Im vorliegenden Fall ist die internationale Zuständigkeit nach Art. 1 MSA gegeben. Bei der Entscheidung darüber, welchem Elternteil nach Scheidung der Ehe die Sorge für das gemeinschaftliche Kind zustehen soll, handelt es sich um eine Schutzmaßnahme im Sinne dieser Vorschrift. Nach dem Ehe- und Kindschaftsrecht der Rußländischen Föderation besteht kein gesetzliches Gewaltverhältnis i. S. des Art. 3 MSA, das einer gerichtlichen Sorgerechtsregelung nach Art. 1 MSA entgegenstehen würde.

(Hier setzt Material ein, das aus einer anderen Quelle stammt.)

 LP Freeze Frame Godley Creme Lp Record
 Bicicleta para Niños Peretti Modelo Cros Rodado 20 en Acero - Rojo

Das Kindschaftsrecht richtet sich nach dem Recht der früheren Union der Sozialistischen Sowjetrepubliken (UdSSR) (vgl. Bergmann-Ferid, Internationales Ehe- und Kindschaftsrecht, Rußland, Kap. III.B.2., Stand 31.12.1993; UdSSR, Kap. III.B., Stand 28.2.1991)). Nach Artikel 54 des russischen Ehe- und Familienkodexes haben Vater und Mutter gegenüber ihren Kindern die gleichen Rechte und Pflichten. Nach Artikel 34 hat das Gericht, wenn sich die Eltern bei der Scheidung nicht darüber einigen können, bei welchem von ihnen die Kinder verbleiben, zu entscheiden, bei welchem Elternteil welches Kind verbleibt. Es gibt also nach rußländischem Recht für den Fall der Scheidung keine automatisch kraft Gesetz eintretende Sorgerechtsregelung, vielmehr verbleibt es ohne gerichtliche Regelung bei der gemeinsamen elterlichen Sorge.

In der Sache hat das Amtsgericht - Familiengericht - Wiesbaden die Sorgerechtsregelung zutreffend nach deutschem Recht getroffen (Art. 2 MSA). Den hierzu angestellten Erwägungen schließt sich der Senat an.

Der Senat ist auf der Grundlage des neu gefaßten 1671 Abs. 2 Nr. 2 BGB davon überzeugt, daß die Aufhebung der gemeinsamen Sorge und die Übertragung auf den Antragsteller dem Wohl des Kindes am besten entspricht.